Au fur et à mesure de leur discussion, la pénombre s’installait de façon plus pérenne à tel point que la seule source de lumière, un feu crépitant d’une chaleur agréable, illuminait à peine les environs, à quelques mètres tout au plus. Dans la nuit, les murmures du désert de roches et de ruines, vestige d’un affrontement ancestral, et de ses habitants diurnes et nocturnes. Le Sindarin n’y portait pas une attention totale, pourtant tout en écoutant les remarques de son ancien et actuelle collègue, il essayait de se remémorer la nature des bruits qui lui parvenaient. Rien de plus que la faune des ruines, pour peu qu’il ne s’agisse pas de la plus désagréable, les deux compagnons ne risquaient pas grand-chose. Toujours attentifs à la perspicacité de l’ancien docteur, il se laissait glisser doucement sur son siège improvisé pour si adosser plus confortablement. Suite à un rapide coup d’œil sur le positionnement des étoiles et plus particulièrement des satellites naturels d’Ishtéria, pour évaluer l’heure avancée de la nuit, puis il fixa de nouveau le feu crépitant. Il sentait le regard de la sylphide se poser sur sa personne, il percevait presque l’ondulation de sa chevelure de cuivre dans l’air sec des plaines désertiques de Taulmaril. Il rectifia toutefois ses propos, ne serait-ce pour affiner ses positions.

« Si je peux me permettre de rectifier ma position peut-être simpliste. Si la naïveté de la population, dans sa majorité, est accablante et terrifiante pour l’époque, je peux la comprendre. L’érudition moyenne, même de nos hauts dignitaires, dit-il tel un dramaturge profondément théâtrale, ne permet probablement pas ce degré de doute. Toutefois, profiter de la misère d’un peuple surpasse, et de loin, l’ignorance qui peut l’animer. Tout comme vous le dîtes, je condamnerais plus facilement les crapules trompeuses, ces herboristes de pacotille, plutôt que leur victime … Leurs dépenses ne sont que le moindre mal d’un Mal bien supérieur. » Tout en se frottant le fin duvet de son menton, il considérait la véhémence qui l’animait, il se reprit plus posément. « Si je peux me permettre de juger sur ce domaine, du haut de mes misérables connaissances médicales. »
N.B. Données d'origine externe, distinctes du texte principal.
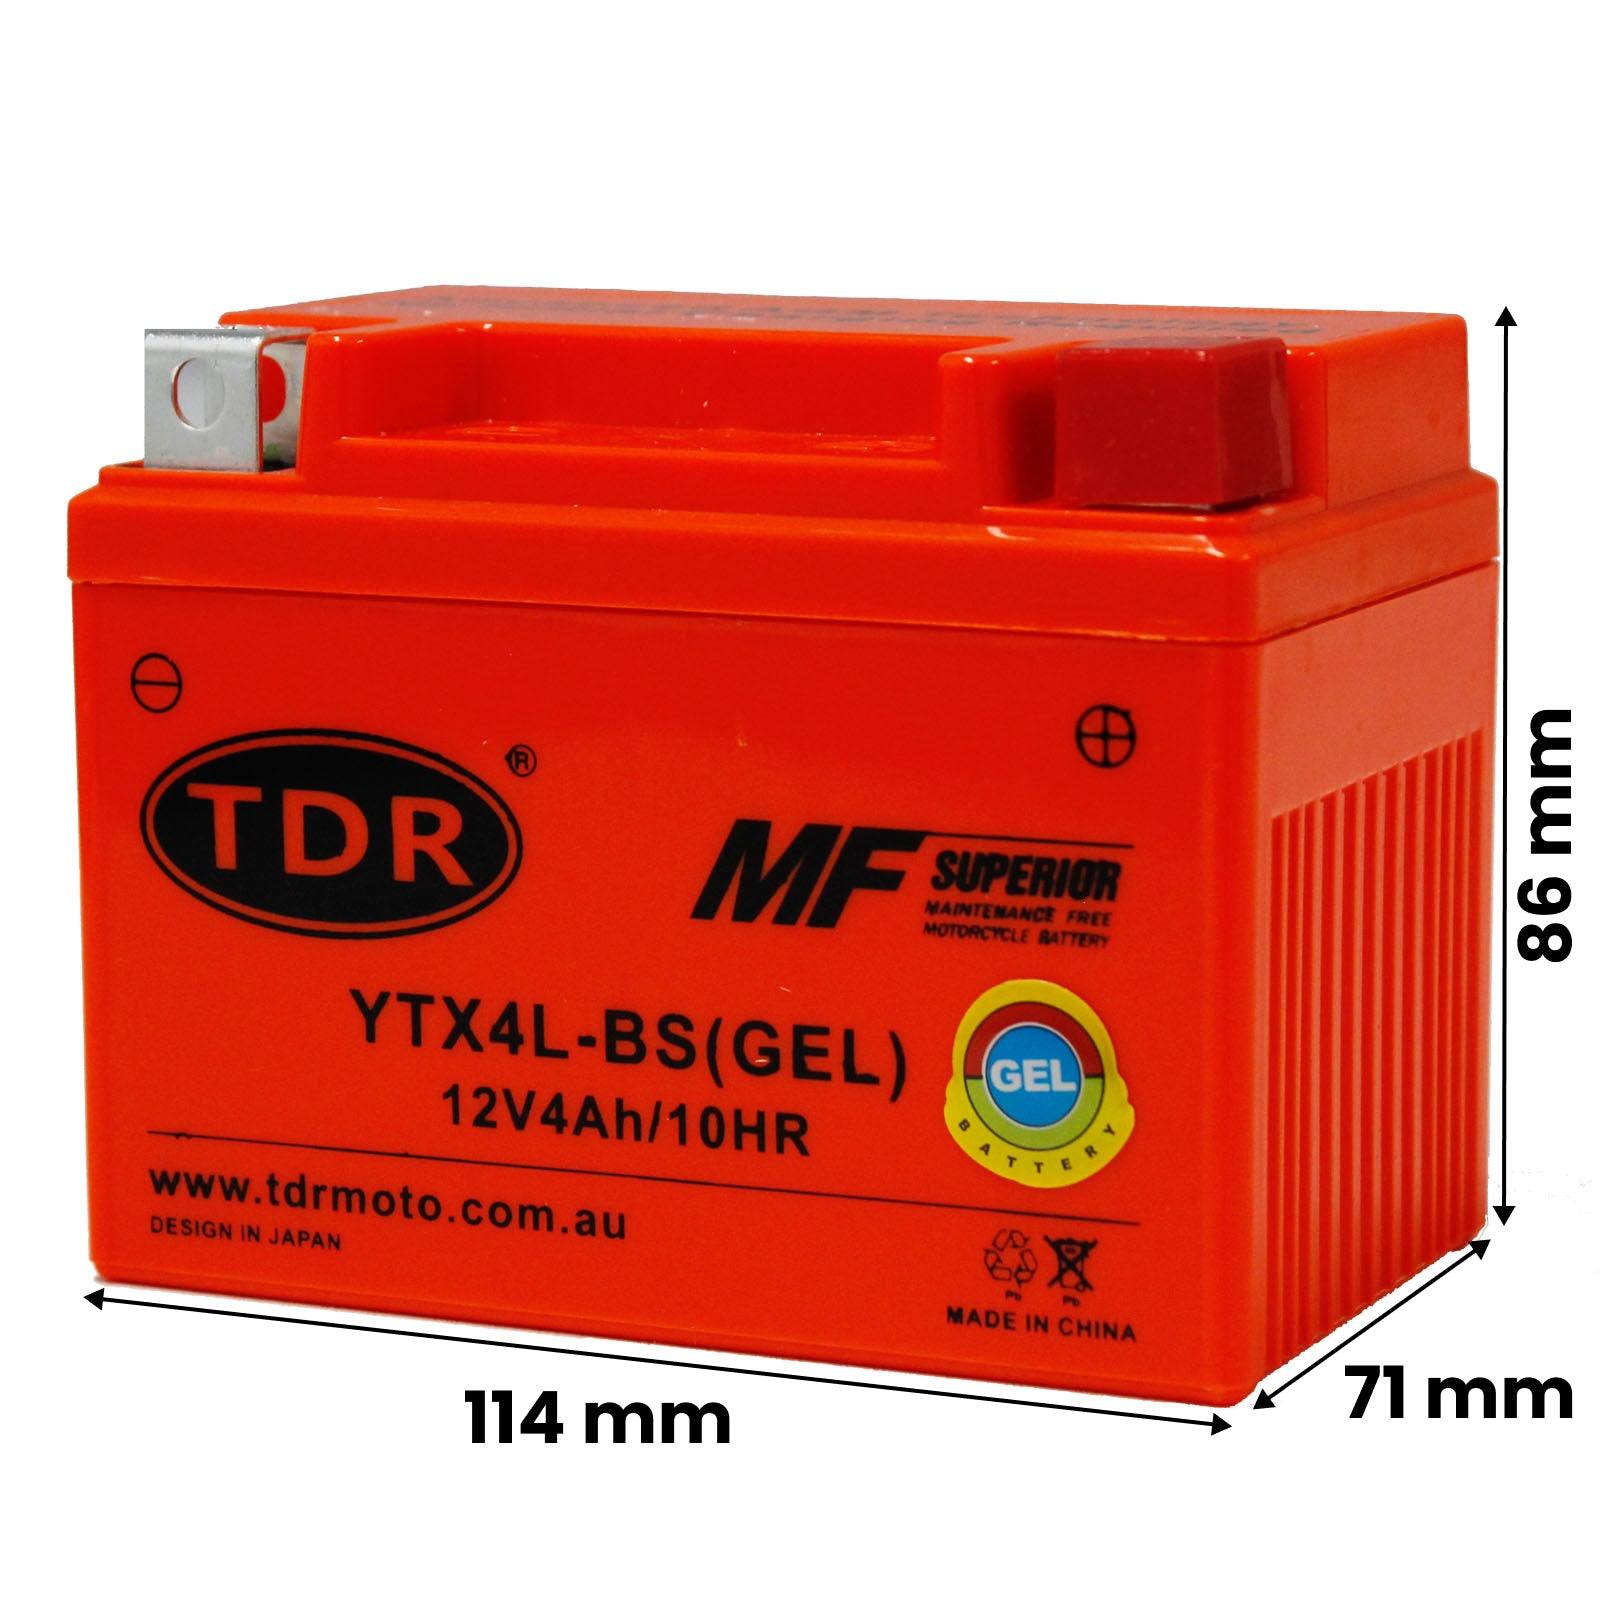 YTX4L-BS Maintenance Free AGM-iGEL Motorcycle Extreme High Performance  Battery Replacement SLA 12V 4Ah By Neptune Power
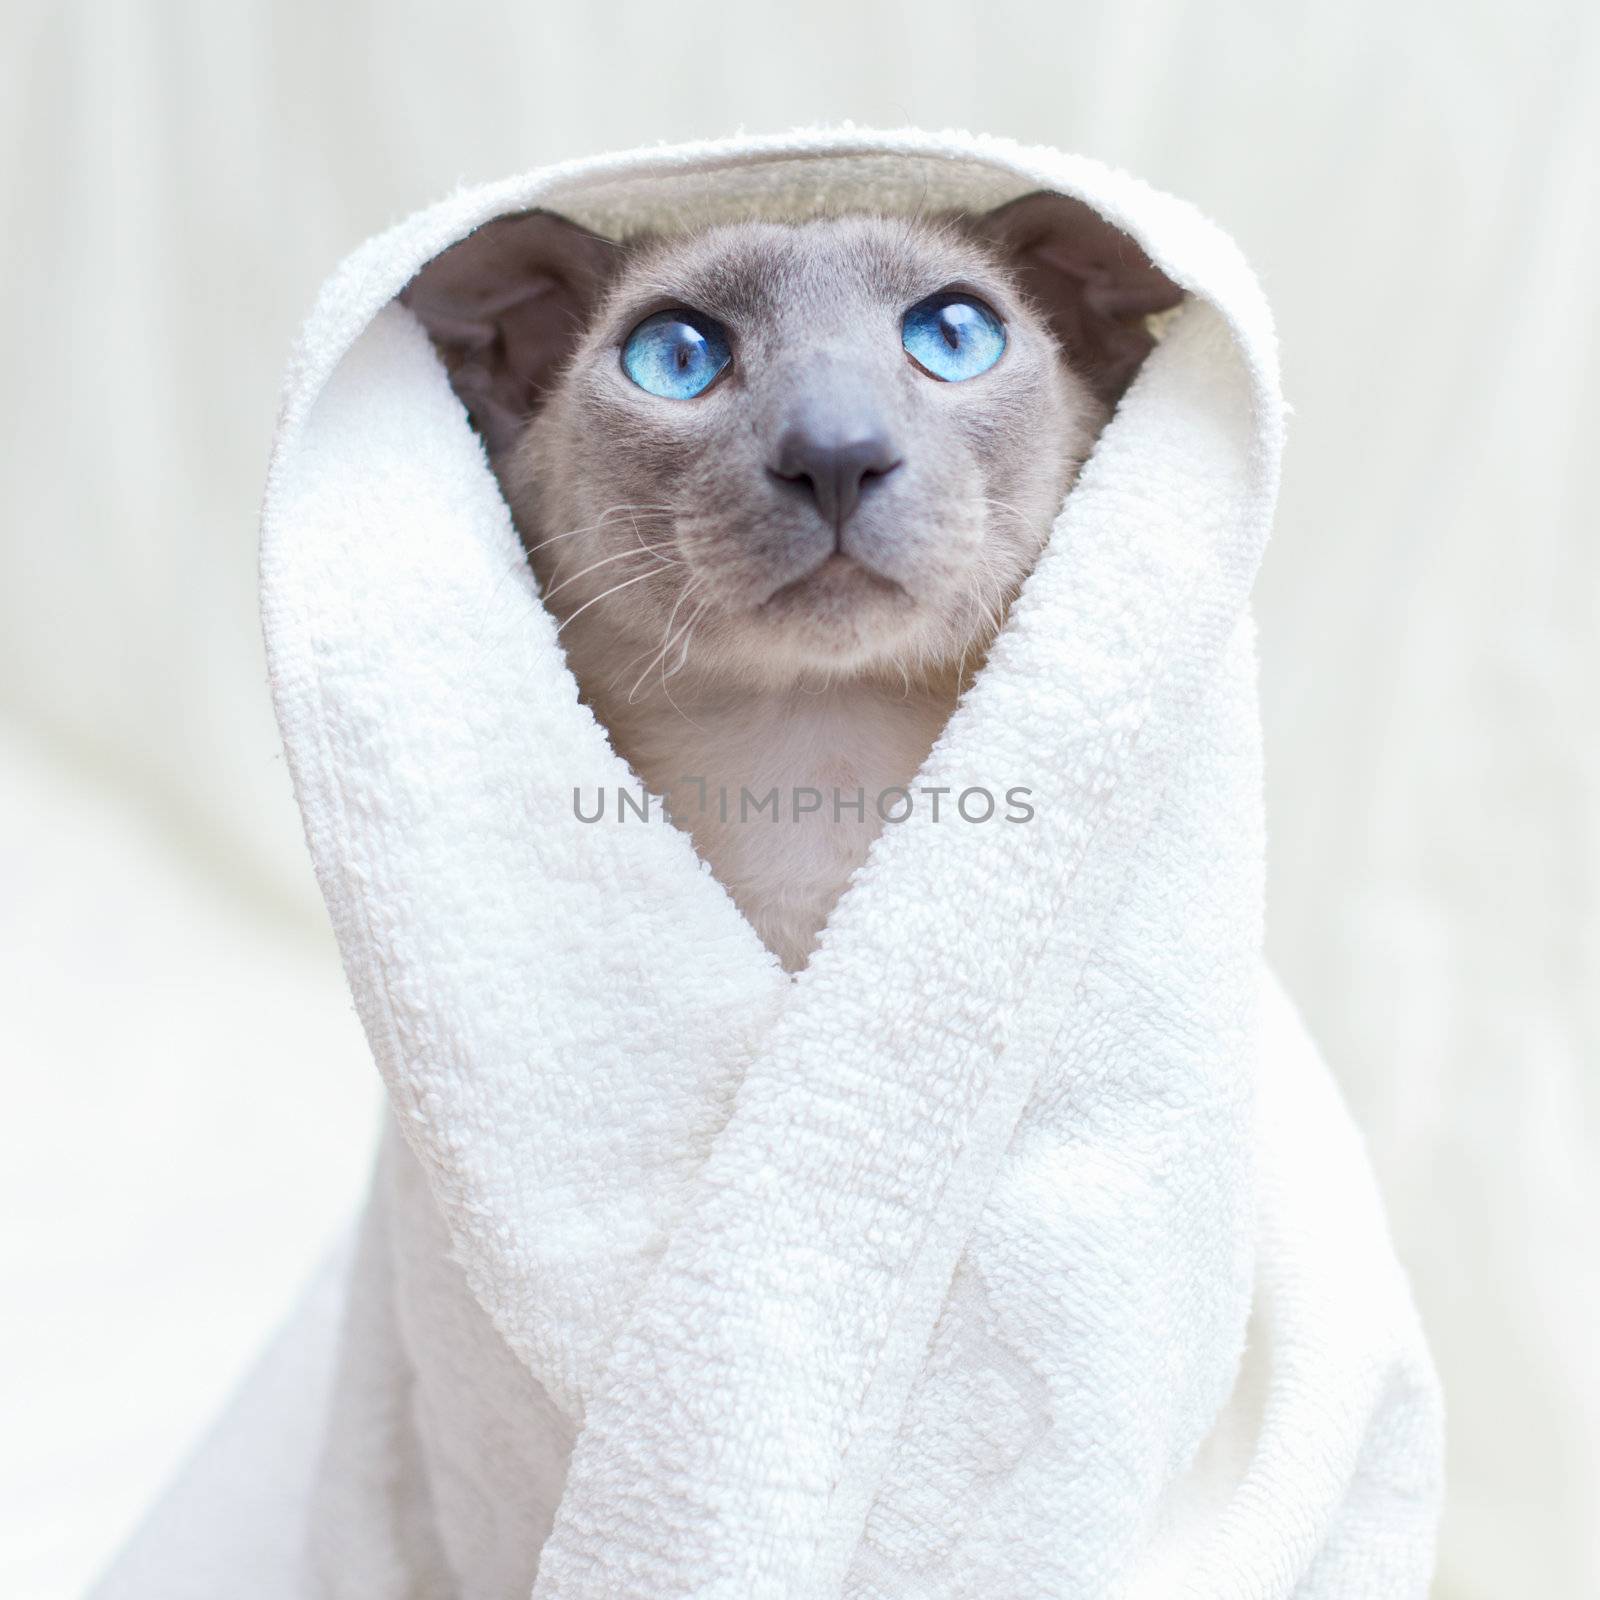 Hairless Cat in Towel by petr_malyshev

Calixte en vint finalement à plaisanter sur la fougue de sa « jeunesse apparente » et de sa « jeunesse passée ». Il est vrai qu’une curiosité enivrante caractérise la plupart des érudits de la Masure d’Amaryl. Il serait toutefois abusif que d’envisager tous les Eclaris comme des curieux invétérés, certains le sont, d’autres moins, d’autres encore ne se chargent que du classement d’ouvrages et ne les ouvrent jamais. Il y a aussi des gardes, uniquement là pour garder les entrées, dans une contrée isolée comme Argyreï il est nécessaire de se prémunir de tous débordement que les protections non-conventionnelles ne sauraient contenir. Et bien évidement, on trouve en ces murs quelques individus qui y logent sans véritablement savoir ce qu’ils y font. Des individus si passifs qu’ils s’excluent du Monde par l’observation et une forme de curiosité qui engendre des difficultés, mais refusent la responsabilité de leur ingérence. En conséquence, ils se refusent à toutes formes d’intervention et préfèrent coucher l’innommable et l’inavouable vérité sur des parchemins bouclés dans les archives restreintes des Eclaris. Nonobstant toutes ses considérations sur l’organisation de la société savante du continent et de toute la circonspection qui anime Gareth vis-à-vis du comportement d’une minorité bruyante de ses collègues, il se concentra à nouveau sur les dires de Calixte. Et à vrai dire, la remarque qui suivit le replongeait dans une mélancolie songeuse. Son enfance, il ne l’avait pas véritablement refoulée … le « destin » s’en était chargé sans qu’il ait vraiment à intervenir. Toujours plongé dans les ondulations des flammes, l’elfe méditait sur ce qu’aurait put être ça vie sans cet incident fâcheux. Bien sûr, on lui contait les récits de son enfance, mais il ne se reconnaissait plus dans ceux-là, si ce n’est par le piquant de quelques remarques adressées à ses cadets ou à quelques nobliaux un peu trop agaçants. Il en reste que toute son évolution se basait justement sur cette enfance refoulée, oubliée, le comble du risible pour un individu dont la caractéristique principale tient justement à la mémoire.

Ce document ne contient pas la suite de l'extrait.